Kahramanmaraş’ta meydana gelen 7.7 ve 7.6 büyüklüklerindeki deprem 10 ili çok büyük etkiledi. Depremi yaşayan insanlar bedensel ve ruhsal olarak yıkıma uğradılar.
İnsanların en güvendiği alan olan evleri en güvensiz hale dönüştü. Bu durumu idrak etmek oldukça zor.
Bu dönemde hemen psikolojik destek sağlamak uygun olmayacaktır. Afetler sonrası akut dönemde öncelikli olan arama kurtarma çalışmaları, barınma ve beslenme ihtiyaçlarının karşılanması olacaktır. İnsanlar şu anda hayatta kalma mücadelesi veriyor. Afetler olağandışı, anormal durumlardır. Anormal durumda verilen tepkiler normal tepkilerdir yani deprem sonrası verilen tepkilerin hepsi doğal.
Yaşadığımız bu sarsıcı depremle birlikte son günlerde bedeninde titreme, uyuşma, baş, kas, mide ağrıları hissedebilirsin. İştahsızlık, uykusuzluk yaşayabilirsin. Ara ara ağlama isteği, odaklanamama, üşüme, ürperme, üzüntü, çaresizlik hissedebilirsin. Donup kalabilirsin. Hem bedenini hem ruhunu, hem zihnini yorgun hissedebilirsin. Bunların hepsi normal.
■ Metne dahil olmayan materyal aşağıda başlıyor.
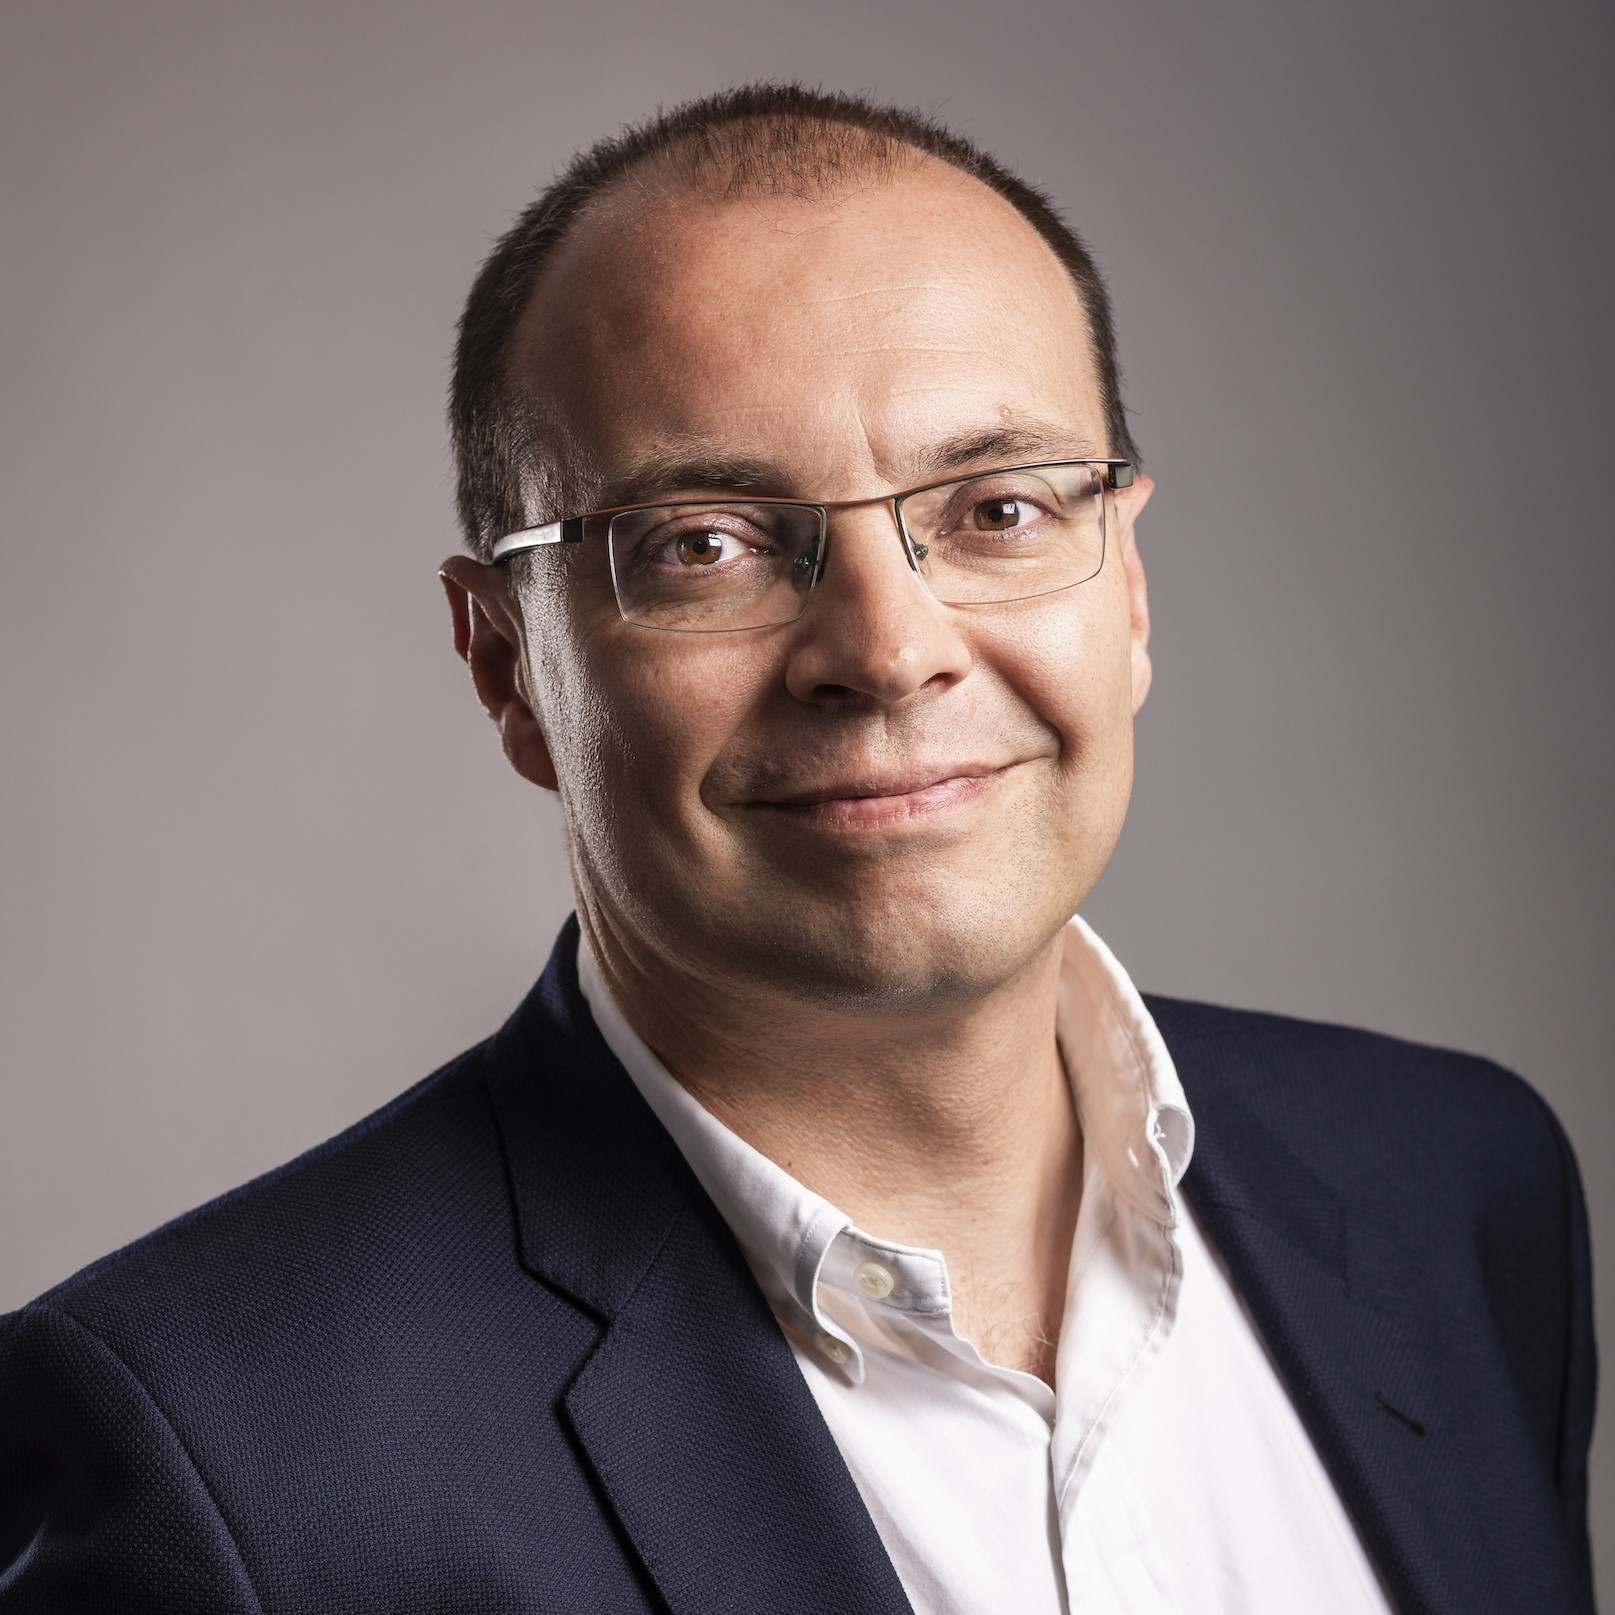 Olivier Savornin

RUHSAL DENGEMİZİ KORUYABİLMEK İÇİN NE YAPMALIYIZ?
►Sosyal medyada oradaki insanlara yardım etmek için paylaşımlarda bulunuyor, travmatik görüntüleri izliyor olabilirsin. Yardım ettikçe işe yarıyormuşsun gibi gelir ve suçluluk duygun azalır. Fakat bu görüntülerden, haberlerden etkilendiğini düşünüyorsan mola verebilirsin.
►Bu zamanda mümkün olduğunca rutinlerini sürdürmeye devam etmelisin.
►Yakınlarınla iletişim halinde kal fakat sürekli olayı, yıkıcı etkisini konuşma duygularını paylaşabilirsin.
►İnancına göre ibadet etmek sana iyi gelebilir.
►Birilerini suçlamak seni başta rahatlatsa da bu öfke patlamalarına sebep olabilir ve böylece
fazlaca yıpranabilirsin. Suçlamalardan uzak durmalısın.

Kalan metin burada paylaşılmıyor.